Give a verbatim copy of the data, leaving the pictures out.

-- PROVIDED MATERIAL --
BEGIN

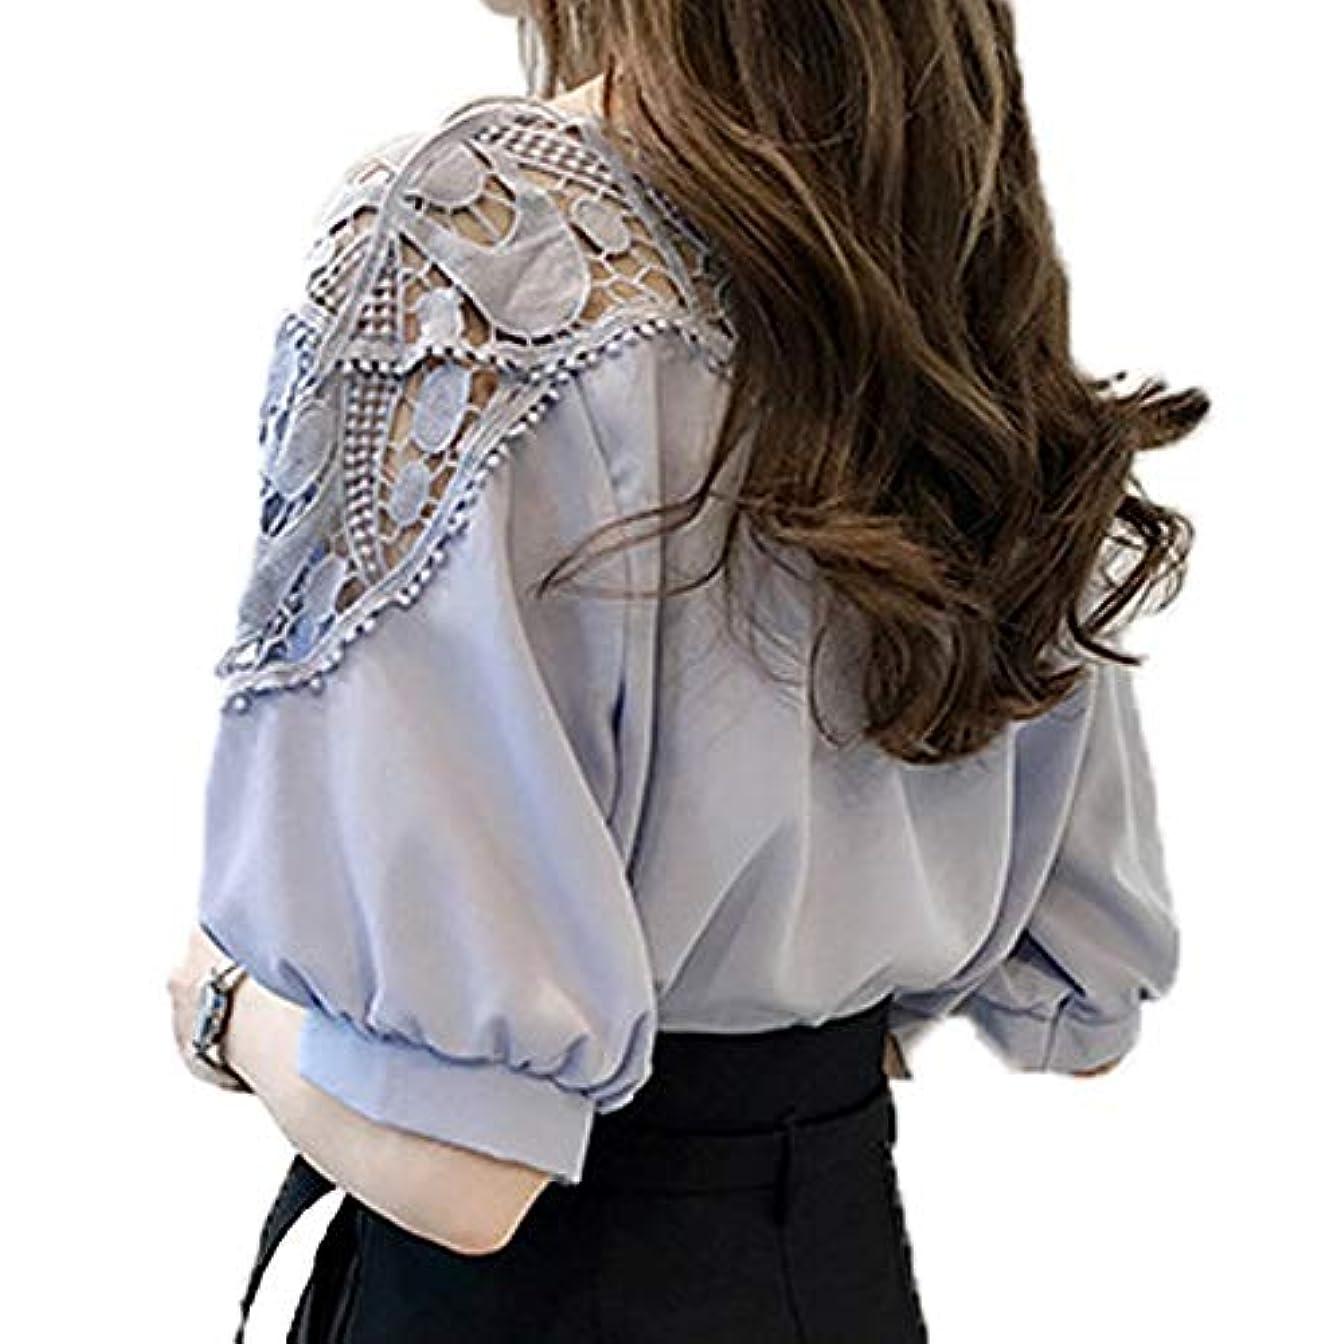 急勾配の桃こどもの宮殿[ココチエ] ブラウス レディース レース 肩出し 半袖 おしゃれ かわいい とろみ バルーン袖 5分袖 花柄 ゆったり
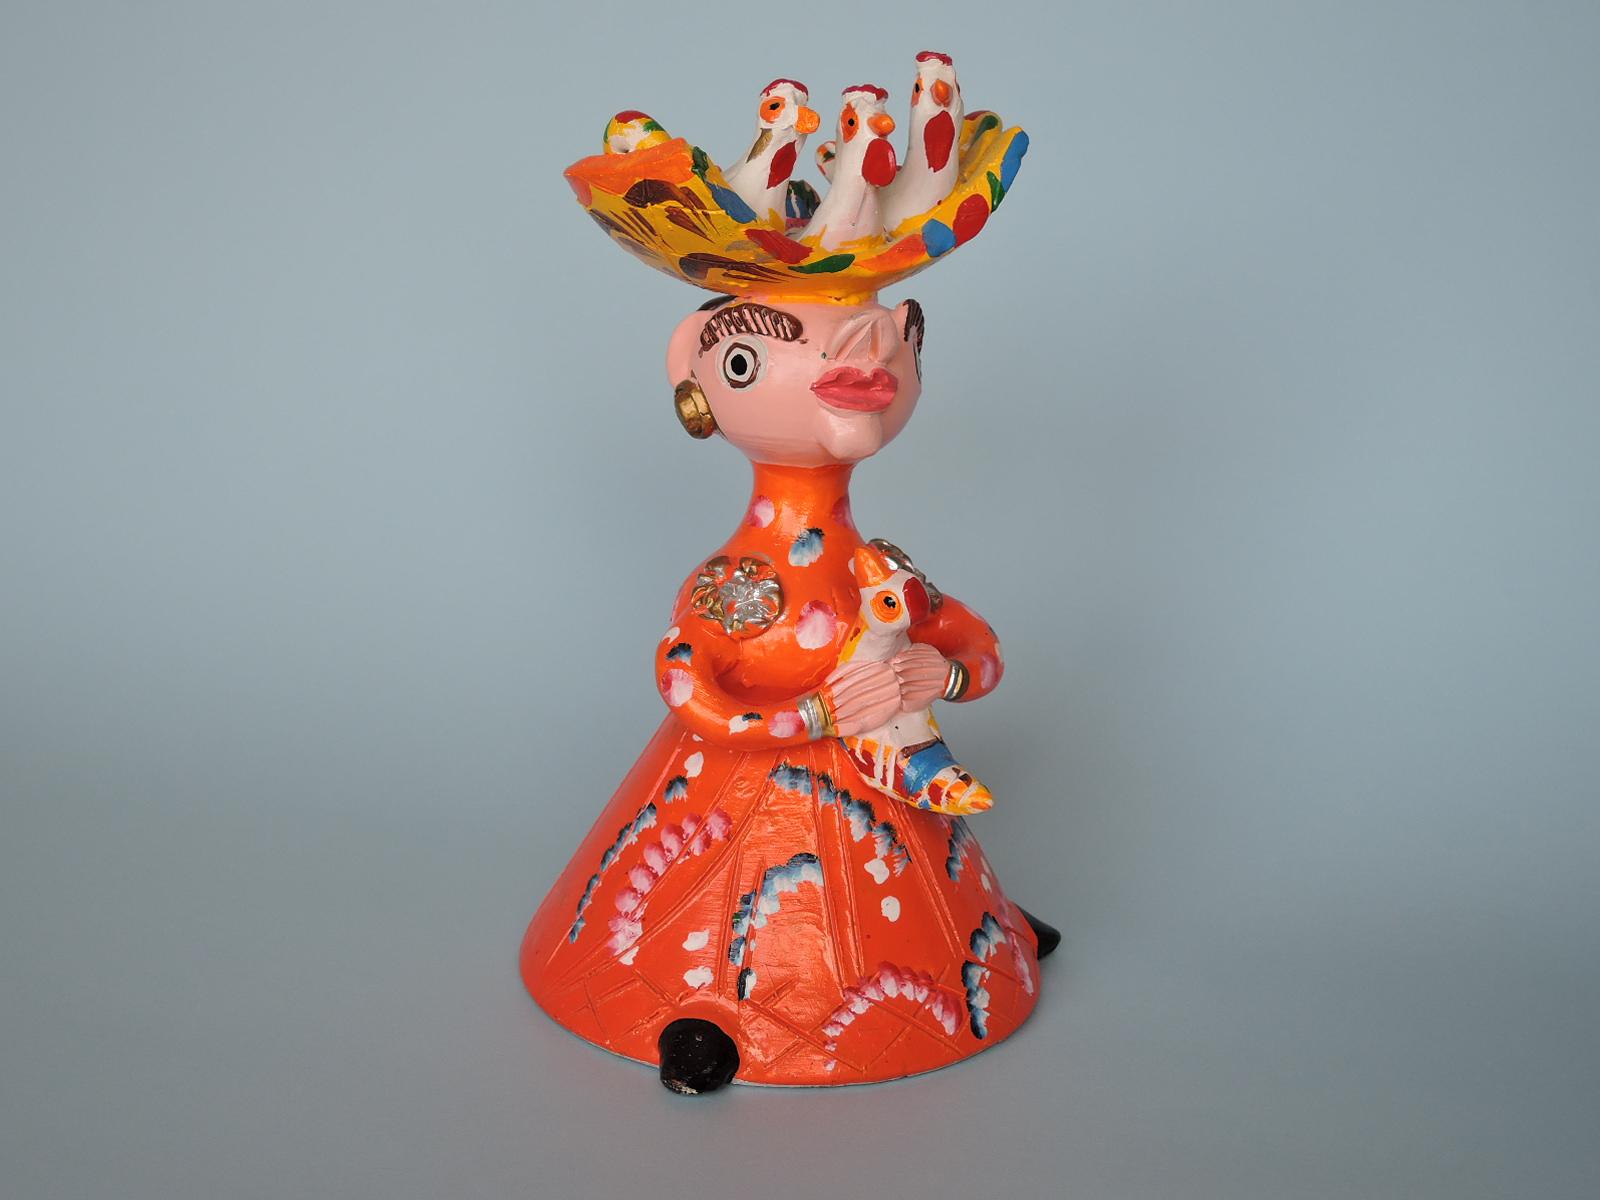 ジュリアコタさんの作品 幸運の雄鶏を運ぶミーニョの女性
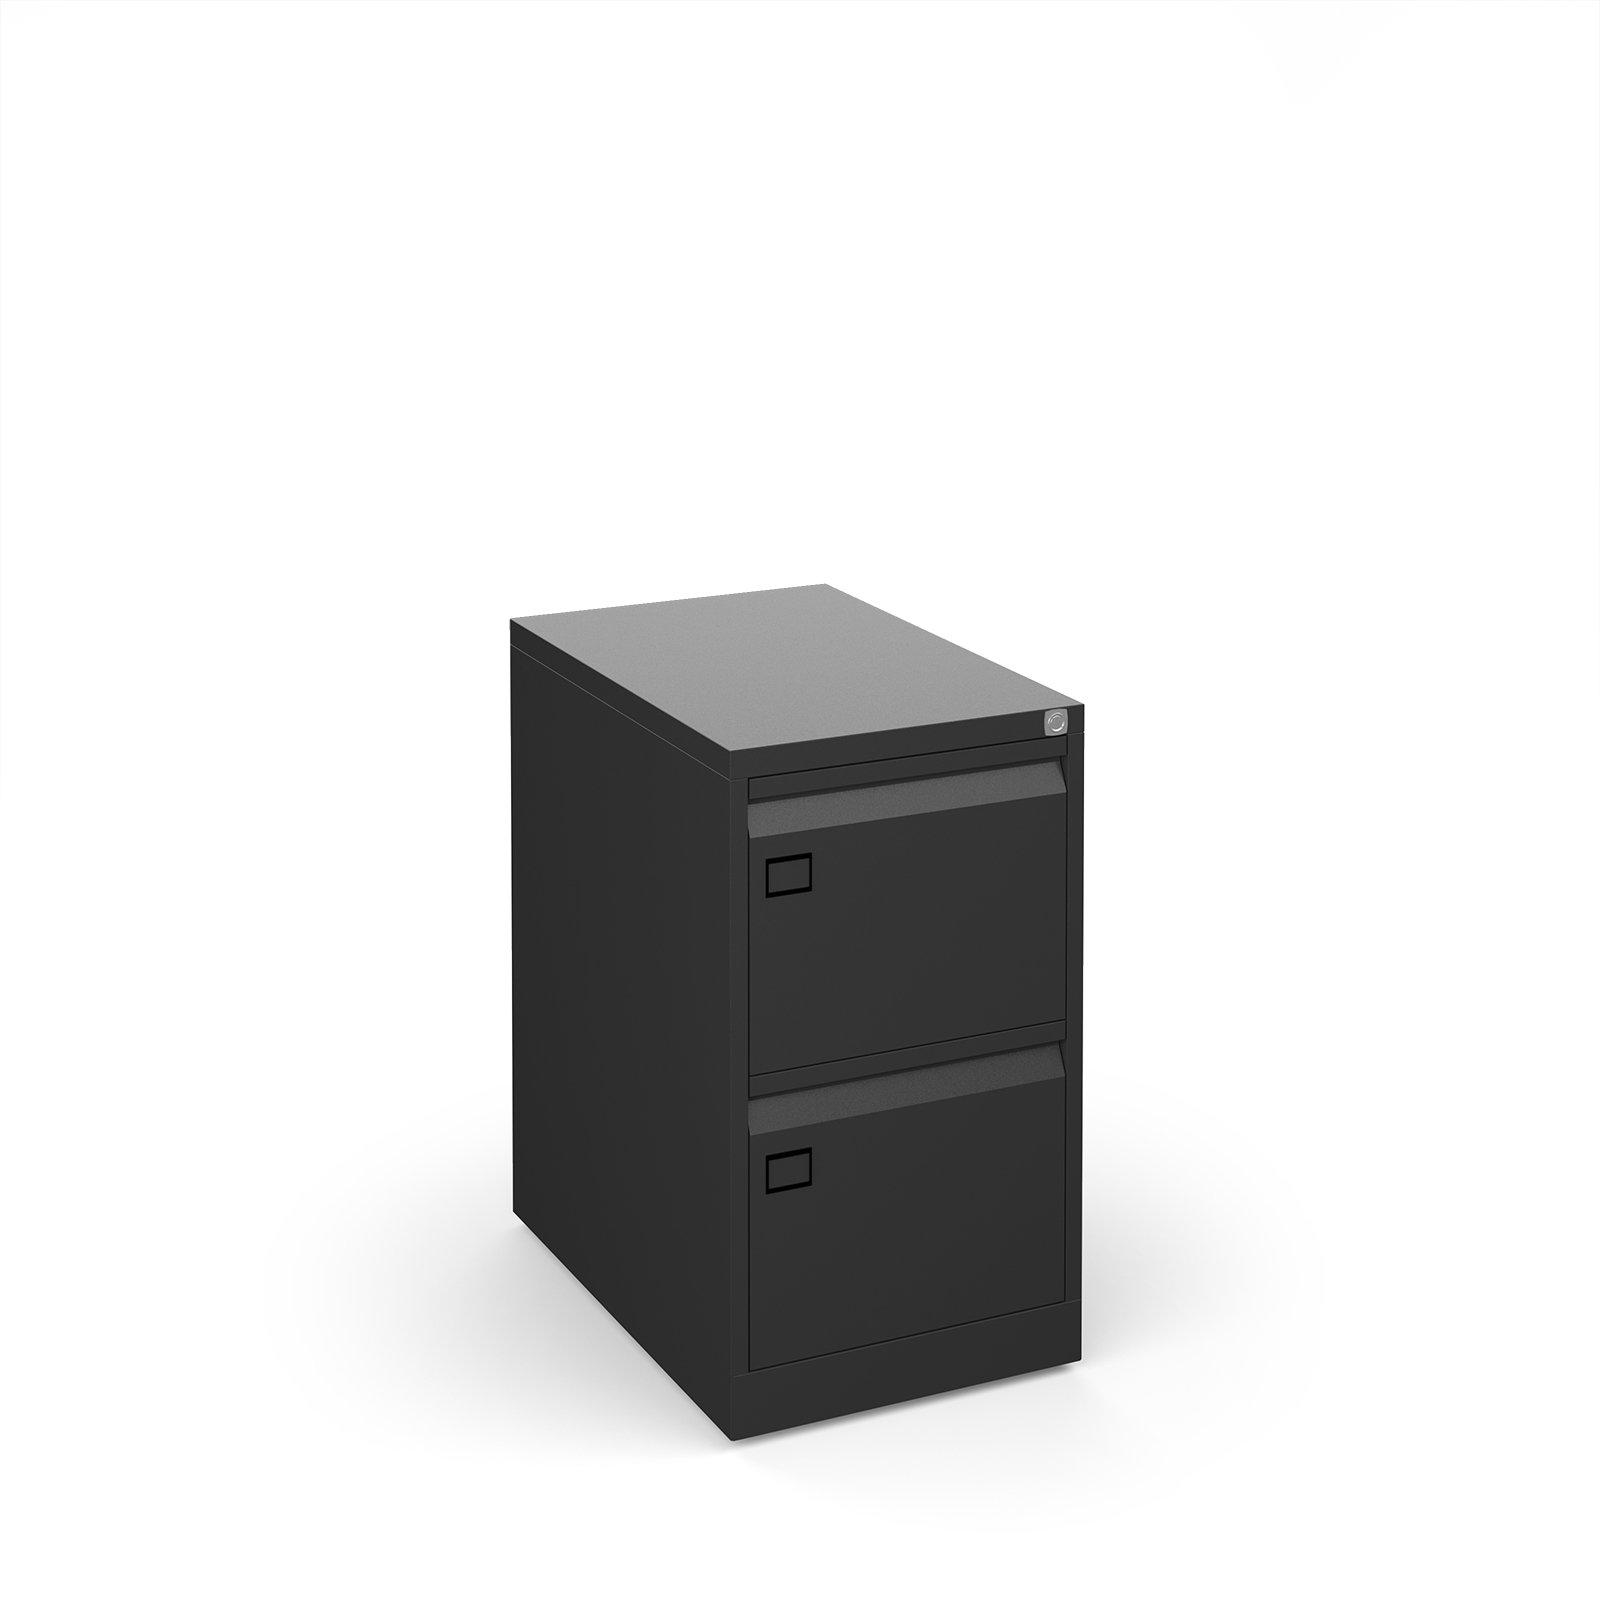 Steel 2 drawer filing cabinet 711mm high - black

END

-- EXPECTED ANSWER --
 急勾配の桃こどもの宮殿[ココチエ] ブラウス レディース レース 肩出し 半袖 おしゃれ かわいい とろみ バルーン袖 5分袖 花柄 ゆったり
 ジュリアコタさんの作品 幸運の雄鶏を運ぶミーニョの女性
 Steel 2 drawer filing cabinet 711mm high - black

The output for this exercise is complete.